• _GOAL OF THE EXERCISE_
Print the lines below from the line with "作る順応性のある条約ヘアコーム コーム ワイド歯" to the line with "葵咲本紀鶴丸アクスタとビール" exactly, keeping both ends, and print no pictures.

• _MATERIAL PROVIDED_
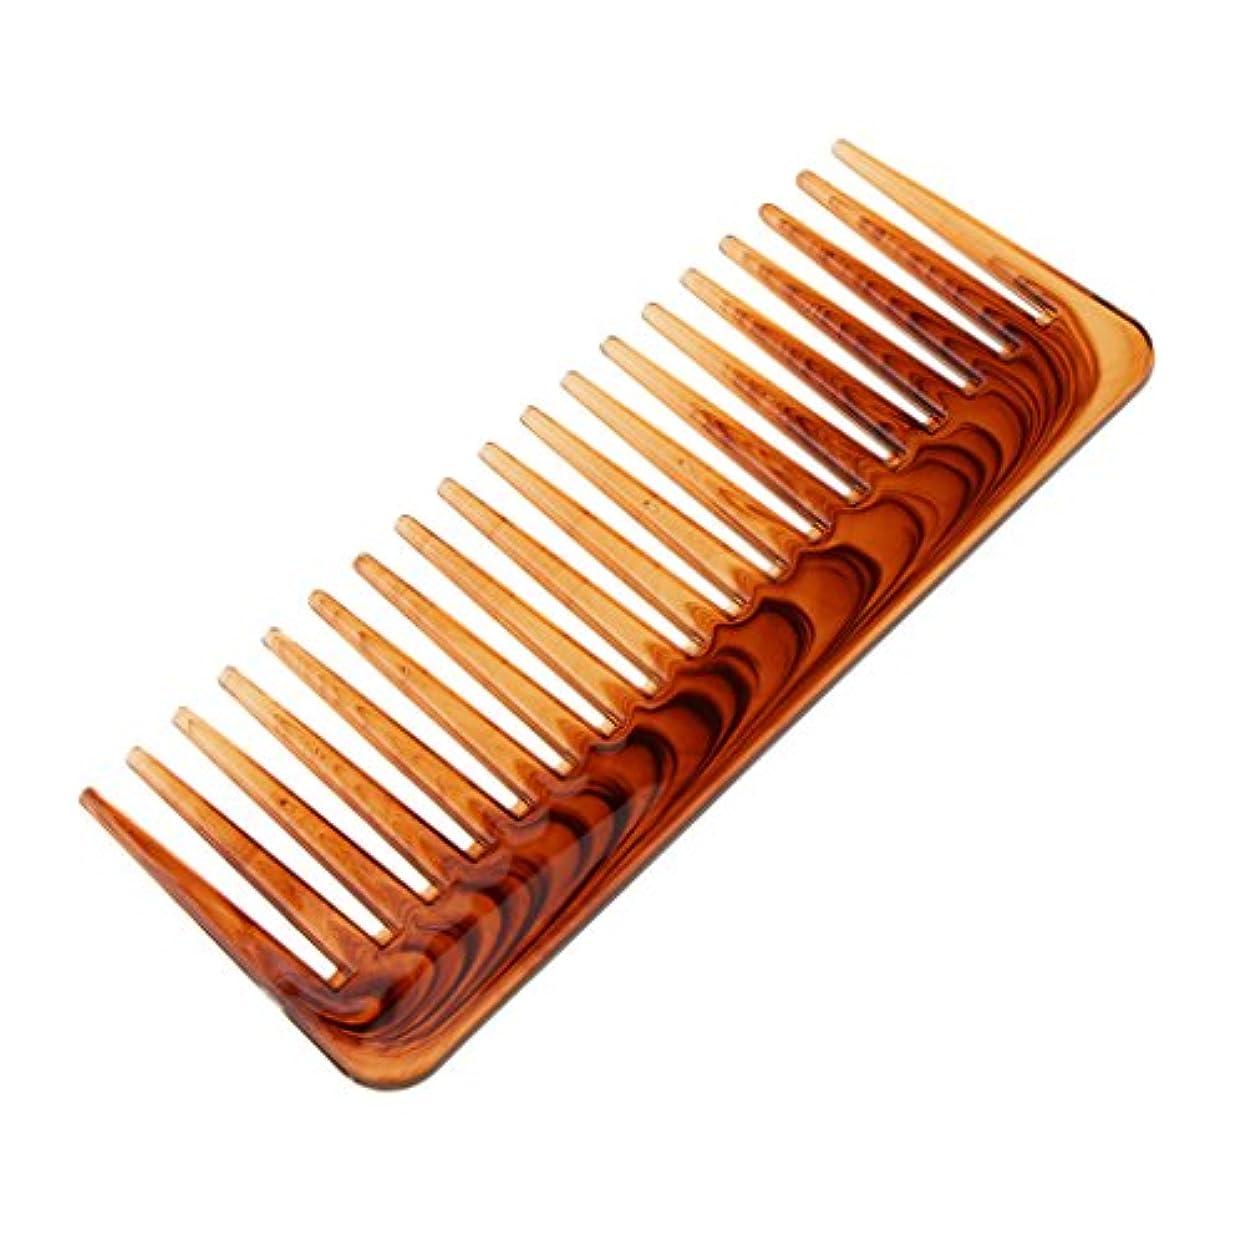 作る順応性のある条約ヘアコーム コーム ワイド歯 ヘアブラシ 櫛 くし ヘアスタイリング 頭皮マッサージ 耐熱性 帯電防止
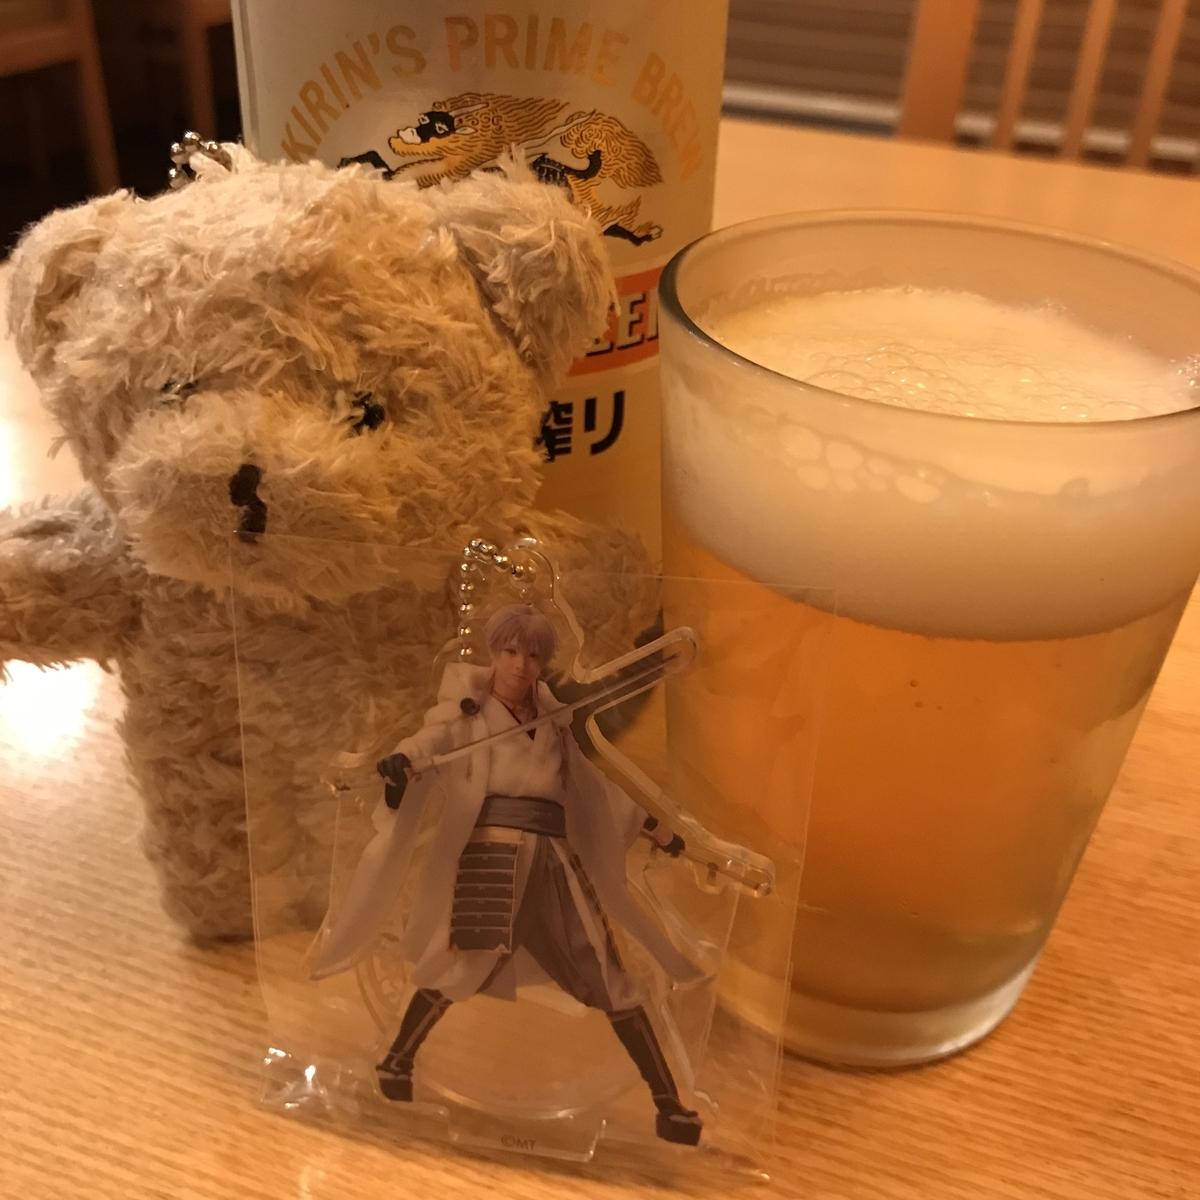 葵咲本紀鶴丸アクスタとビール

---

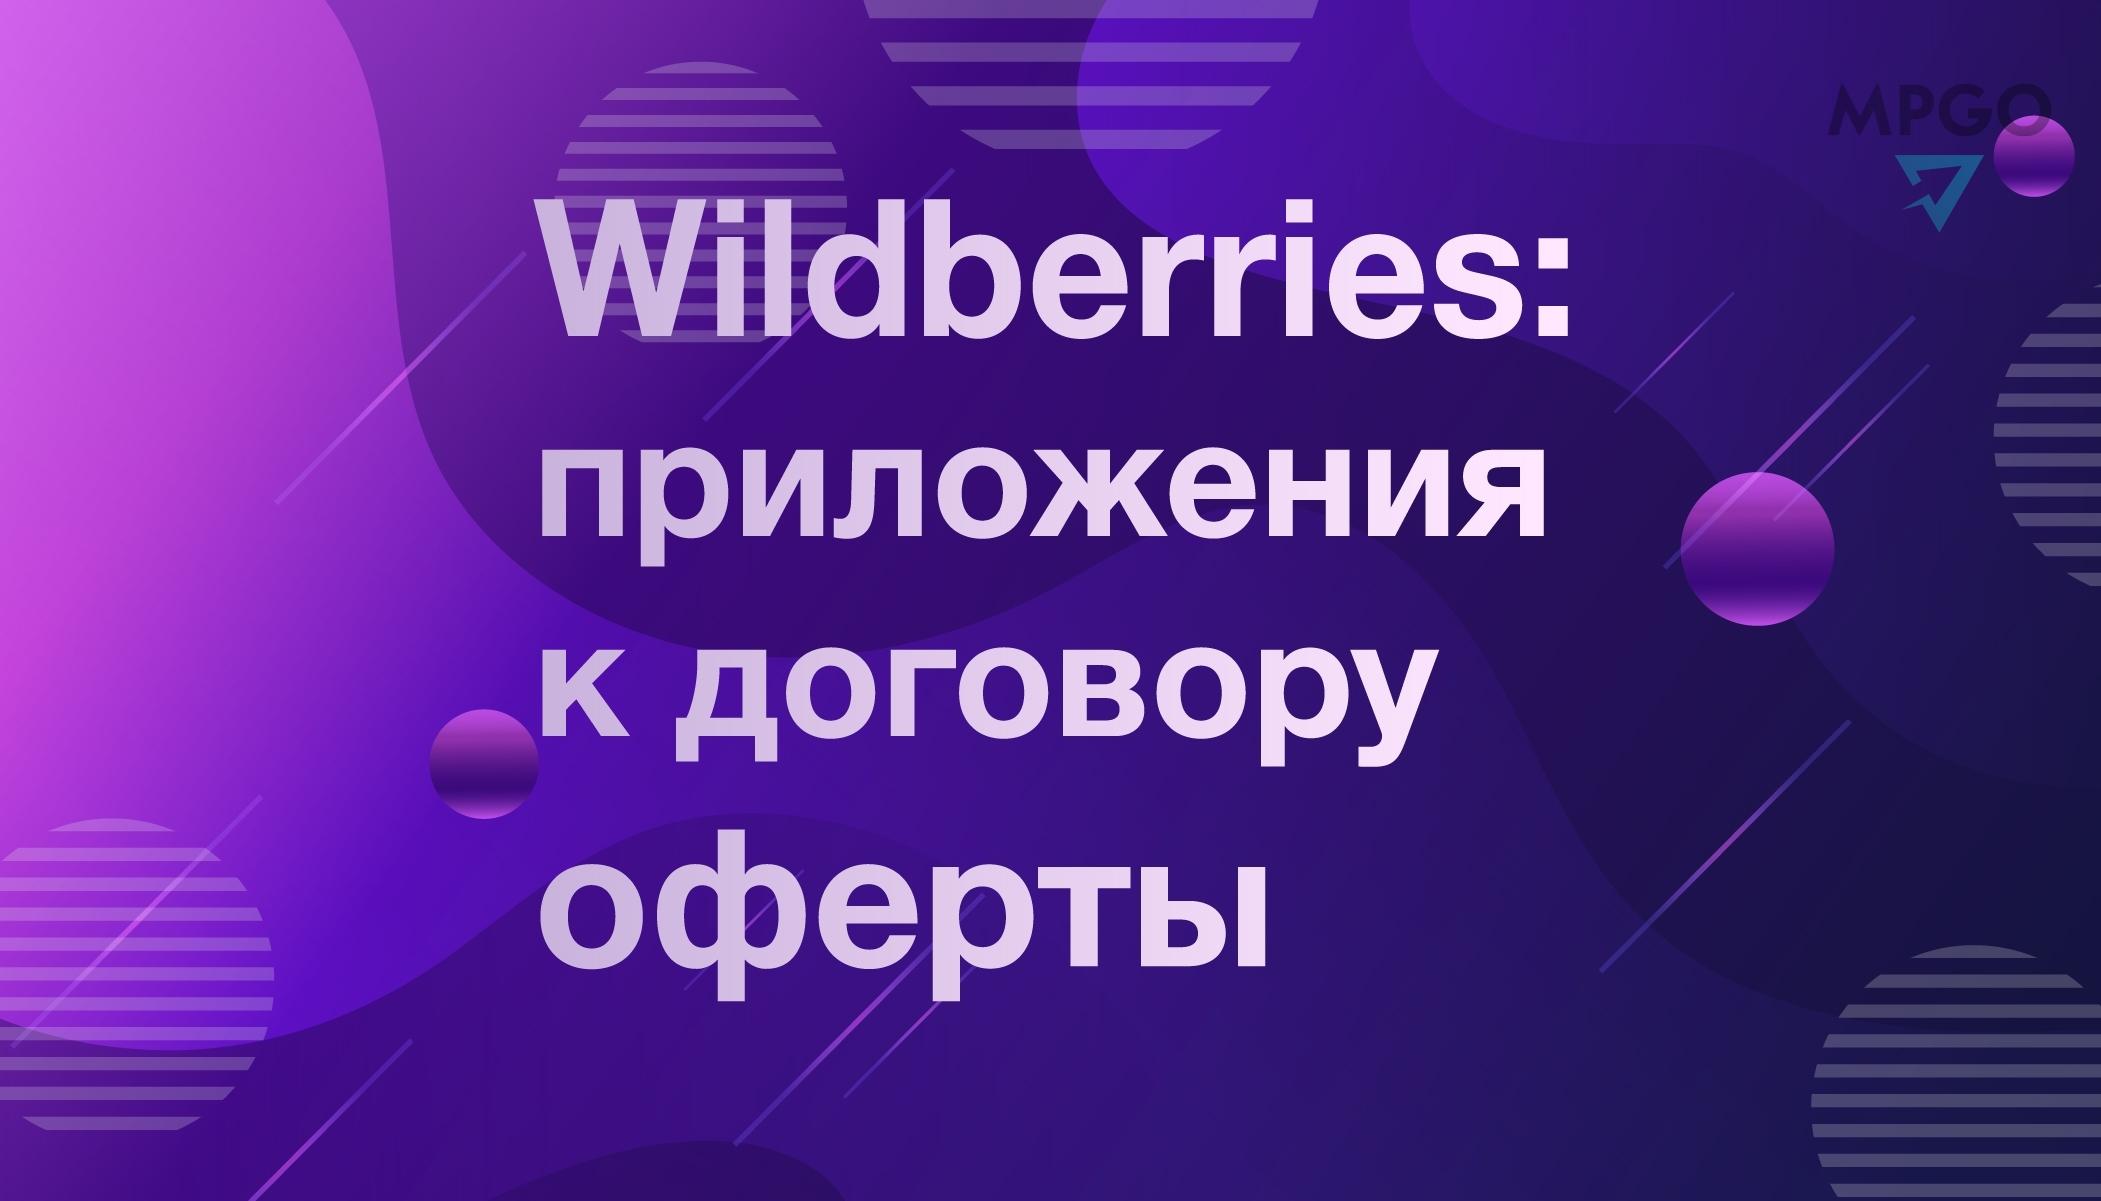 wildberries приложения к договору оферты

• _TASK ANSWER_
 作る順応性のある条約ヘアコーム コーム ワイド歯 ヘアブラシ 櫛 くし ヘアスタイリング 頭皮マッサージ 耐熱性 帯電防止
 葵咲本紀鶴丸アクスタとビール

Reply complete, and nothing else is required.